Il Tribunale federale applica il diritto d'ufficio (art. 106 cpv. 1 LTF). Nondimeno, tenuto conto dell'onere di allegazione e motivazione posto dall' art. 42 cpv. 1 e 2 LTF , la cui mancata ottemperanza conduce all'inammissibilità del gravame, il Tribunale federale esamina di regola solo le censure sollevate (DTF 142 III 364 consid. 2.4 con rinvii). La parte ricorrente deve pertanto spiegare nei motivi del ricorso, in modo conciso e confrontandosi con i considerandi della sentenza impugnata, perché quest'ultima viola il diritto (DTF 143 II 283 consid. 1.2.2; 142 III 364 consid. 2.4). Per le violazioni di diritti fondamentali e di disposizioni di diritto cantonale e intercantonale le esigenze di motivazione sono più severe; la parte ricorrente deve indicare in modo chiaro e dettagliato i diritti che sono stati violati e spiegare in cosa consista la violazione (art. 106 cpv. 2 LTF; DTF 143 II 283 consid. 1.2.2; 142 III 364 consid. 2.4).
2.
Secondo l'art. 30 LPR/TI, se in una sentenza dell'autorità di vigilanza vi sono dispositivi ambigui od oscuri, o se essi contengono errori di redazione o di calcolo, l'autorità li interpreta o li rettifica.

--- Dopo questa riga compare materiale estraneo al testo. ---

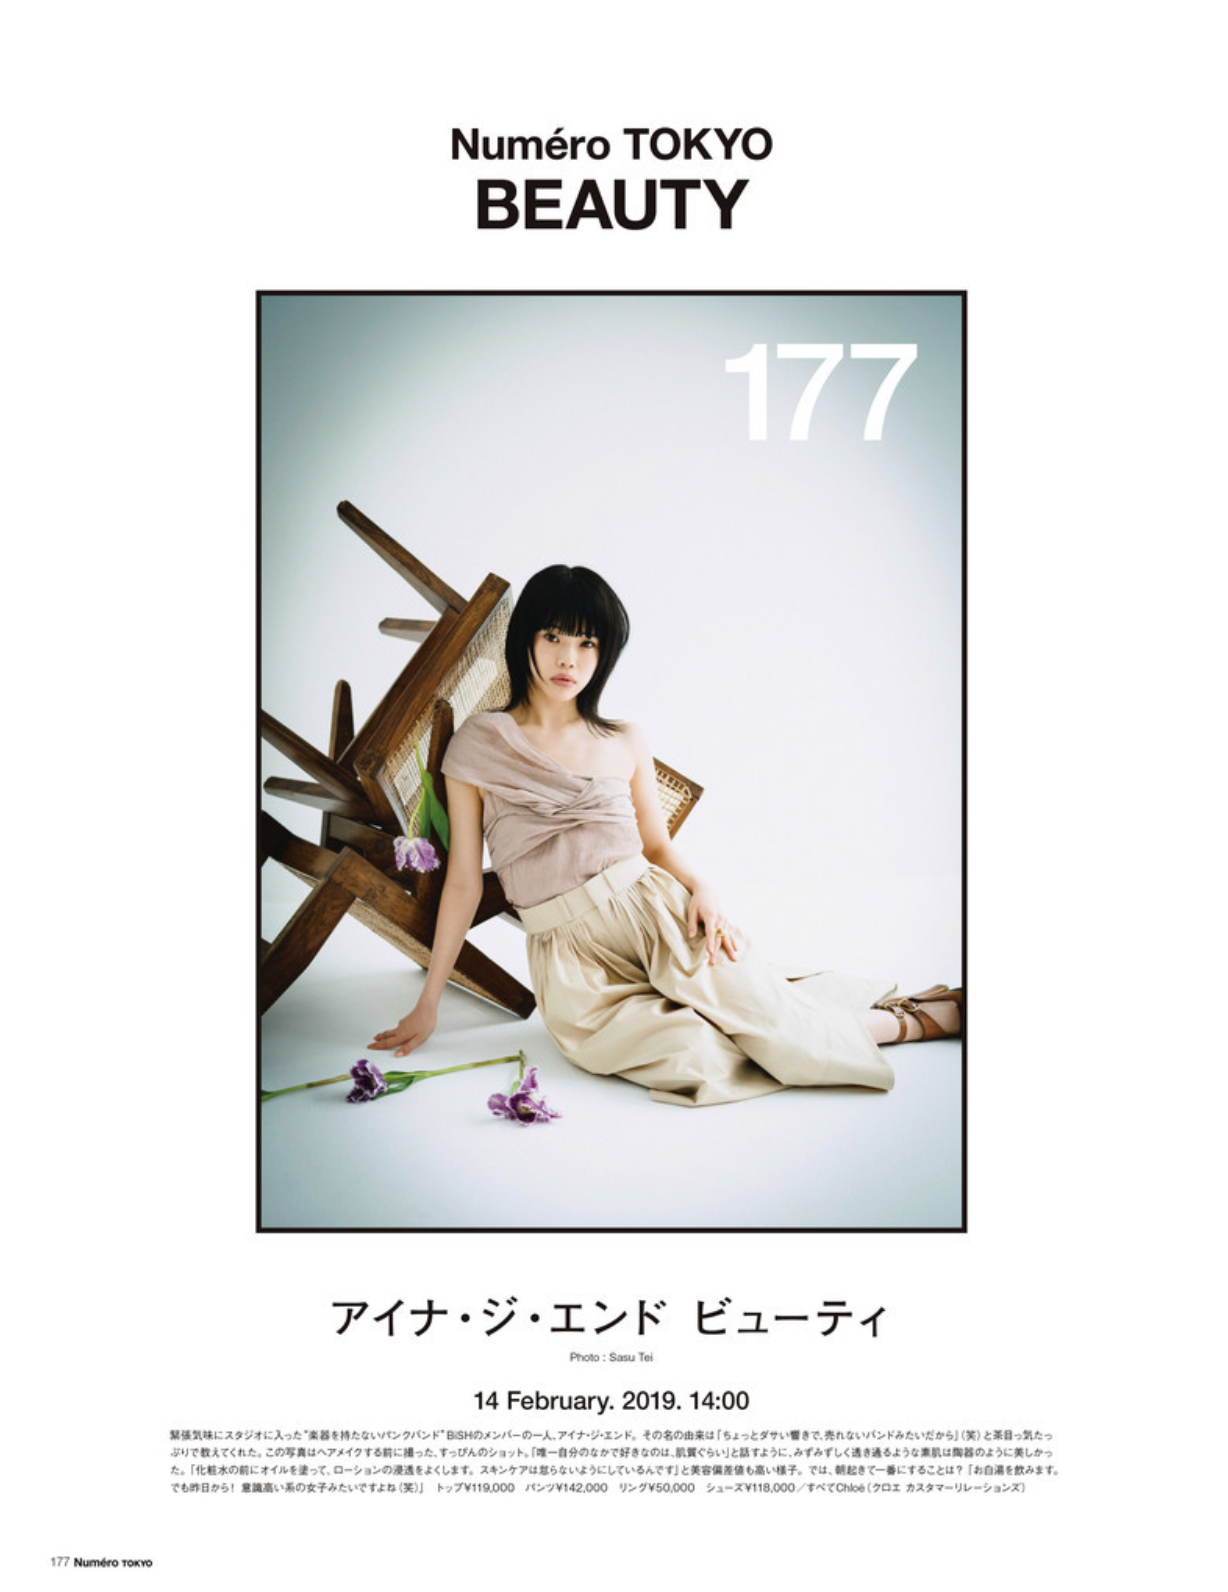 Numero TOKYO Beauty / Aina The End

Giusta gli art. 31 cpv. 1 e 32 cpv. 1 LPR/TI, la domanda di interpretazione va presentata in forma scritta e in lingua italiana e proposta entro dieci giorni dalla notifica all'autorità di vigilanza che ha giudicato. Secondo l'art. 32 cpv. 2 LPR/TI, la domanda può essere notificata alle parti che, entro il termine di dieci giorni, possono inoltrare le loro osservazioni.
2.1. La Corte cantonale ha osservato che, malgrado l'interpretazione o la rettifica presupponesse in linea di principio la presentazione di un'apposita domanda (v. art. 31 cpv. 1 e 32 cpv. 1 LPR/TI) e malgrado si giustificasse di riconoscere anche all'autorità di esecuzione (in concreto l'UE di Locarno) la facoltà di chiedere una tale interpretazione o rettifica, l'autorità di vigilanza poteva in ogni caso anche rettificare
d'ufficio gli errori di redazione o di calcolo contenuti nel dispositivo delle sue decisioni (in applicazione analogica degli art. 129 cpv. 1 LTF e 334 cpv. 1 CPC). Secondo la Corte cantonale, nella presente fattispecie l'errore di redazione del dispositivo della sentenza 27 dicembre 2023 era manifesto, giacché nei motivi la validità dell'esecuzione del sequestro del credito residuo dell'escusso verso il notaio era stata confermata, e poteva pertanto essere rettificato
d'ufficio "senza necessità d'interpellare preventivamente le parti (art. 334 cpv. 2 CPC per analogia) ". La Corte cantonale ha quindi annullato il verbale di sequestro soltanto limitatamente ai due fondi di U.________.
2.2. Il ricorrente lamenta un'applicazione arbitraria (art. 9 Cost.) del diritto procedurale cantonale, nonché la violazione del suo diritto di essere sentito (art. 29 cpv. 2 Cost.) e degli art. 95 cpv. 3 e 97 cpv. 2 LEF.
2.2.1. Il ricorrente sostiene innanzitutto che l'assunto dell'autorità di vigilanza secondo cui l'UE di Locarno sarebbe stato legittimato a presentare una domanda di interpretazione e rettifica non troverebbe alcun fondamento legale nella LPR/TI. A suo dire, l'autorità di vigilanza avrebbe quindi applicato il diritto cantonale in modo arbitrario.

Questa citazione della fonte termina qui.